Buyout firms and nursing homes. It's a pairing that can lend itself to morbid humour. Like the quip doing the rounds now on the eight-month £1.4bn auction of Four Seasons Health Care, the nation's number two nursing homes group. It has gone on for so long, the jibe goes, that the prospective bidders are dying of old age.
Poor taste perhaps, but Four Seasons is a prime example of the extent to which private equity has transformed the nursing home sector in just a few years, and what the growth of companies like it means for the UK's elderly and other patients in need of constant care.
The top two nursing-home groups - Southern Cross, owned by private equity group Blackstone, and Four Seasons, owned by rival Allianz Capital Partners - have nearly 50,000 beds between them out of a total, says researcher Laing Buisson, of 530,000 places in the UK. Both are the products of a string of acquisitions in recent years that has shrunk the number of players in the industry. "Ten years ago there were 20 publicly quoted companies," says Mike Parsons, the chief executive of nursing-home group Barchester Healthcare. "Now there is one."
It is easy to see why private equity firms love to invest in nursing homes: the UK is getting older.

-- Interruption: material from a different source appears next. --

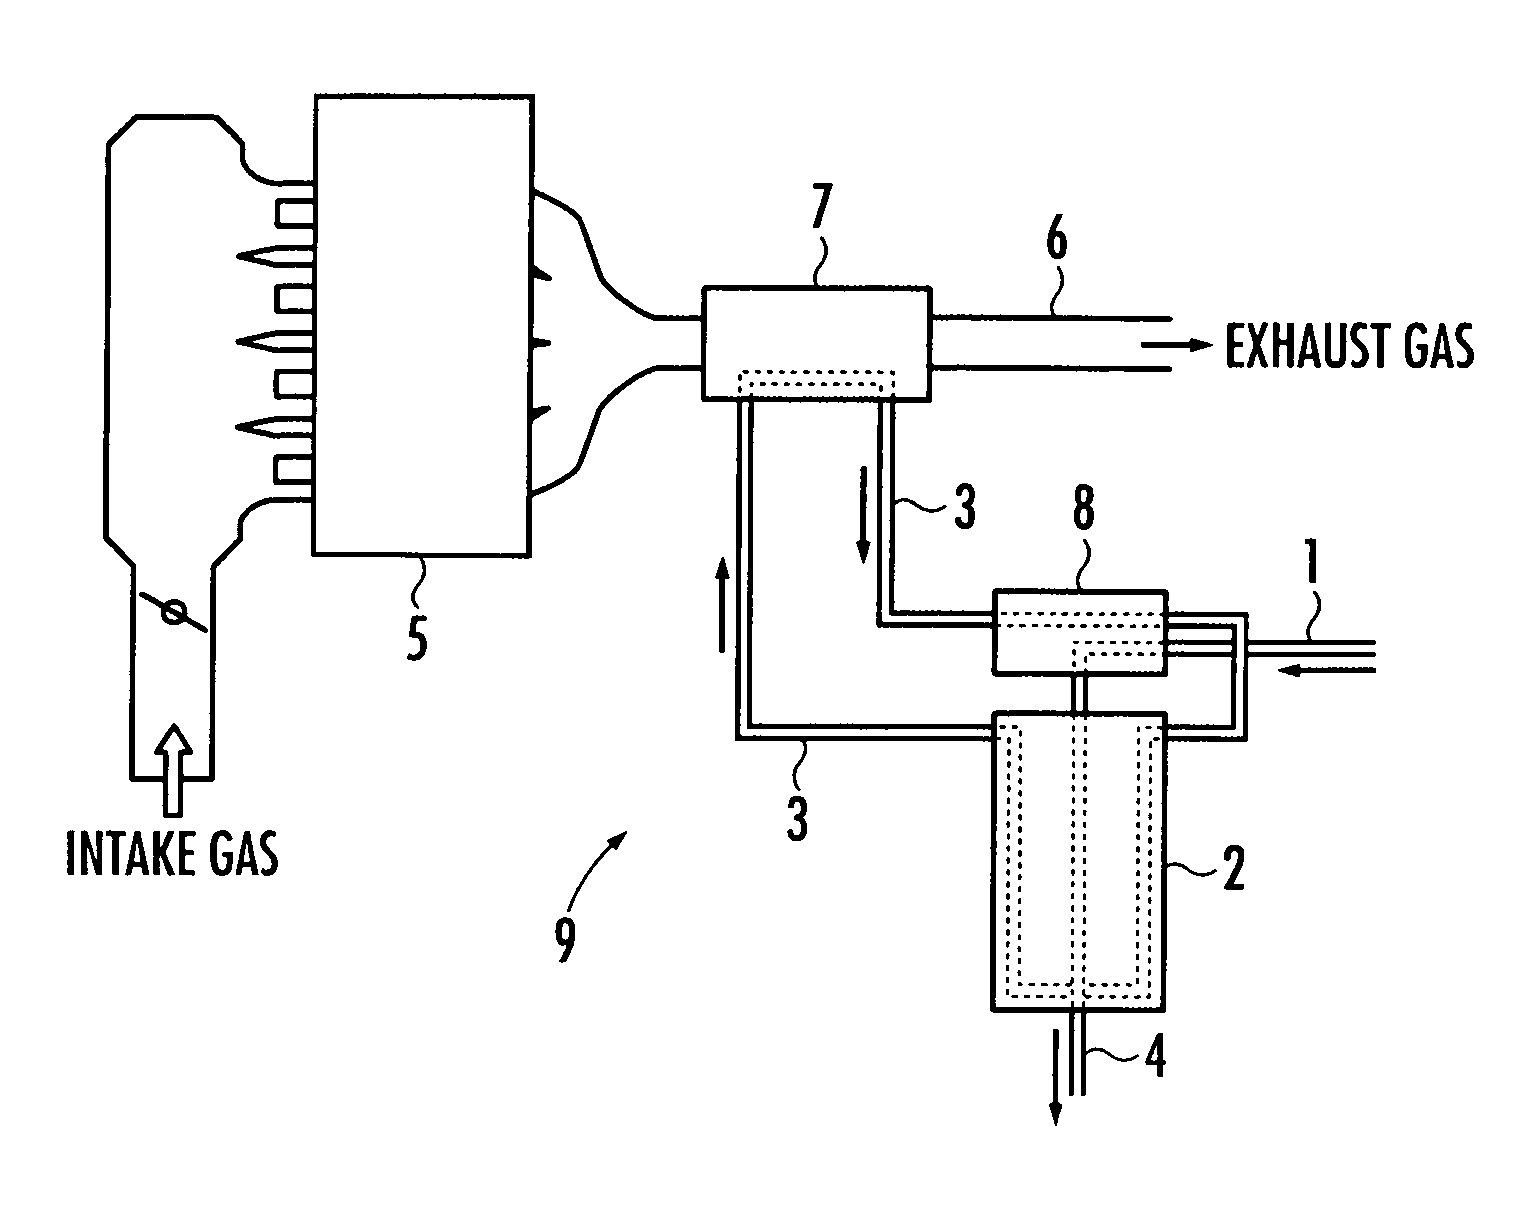 Ethanol fuel reforming system for internal combustion engines

Today, one in six Britons are of pensionable age, and 1.1 million people are aged 85 or older, says Age Concern. As healthcare improves and birth rates fall, the ratio is expected to increase.

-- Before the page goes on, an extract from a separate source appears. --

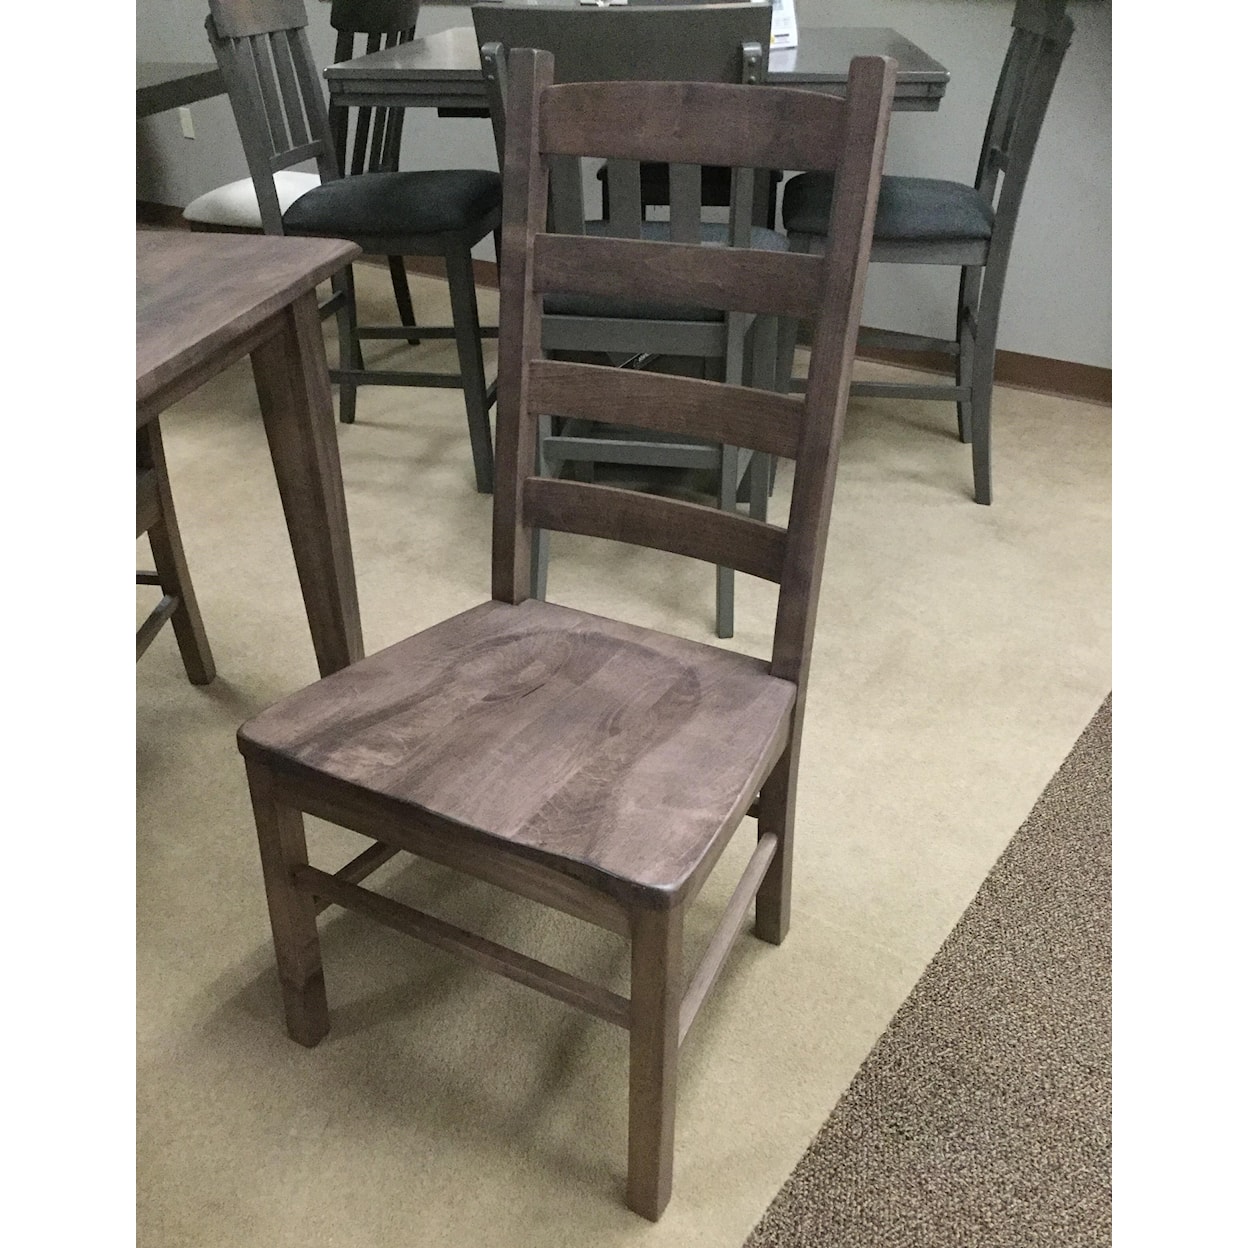 Daniel's Amish Chairs and Barstools Ladder Back Side Chair

Nursing homes also come with sprawling property portfolios, which can be used as collateral to raise huge amounts of debt. This in turn means that buyout investors have to put up relatively little of their own money to buy them.
And in the Government, the owners of nursing homes have a reliable customer. The state has been moving away from caring for the elderly in large, long-stay hospitals to paying for smaller-scale, community-based care, such as private nursing homes. All this means that buyout firms have made billions selling companies to each other or floating them on the Stock Exchange.
The Four Seasons auction may be dragging on but its owners have made an enormous return in the past seven years. In 1999, buyout firm Alchemy Partners paid £133m for two companies to form Four Seasons. Five years and several acquisitions later, Alchemy sold it for £775m to Allianz. Today, Allianz is shooting for a price of £1.4bn.
But industry executives acknowledge that the consolidation mania has now largely run its course. While the largest groups, such as Southern Cross, Four Seasons, Bupa and Barchester, together control less than 20 per cent of the 20,000-plus homes in England, most of the rest are modest family-run operations that would require too much effort to consolidate for buyout players. "The earnings growth in elderly care came to maturity two years back," says Alan MacKay, the head of healthcare at private equity firm 3i.
That, along with the high asking price, is why the Four Seasons auction has taken so long, say sources.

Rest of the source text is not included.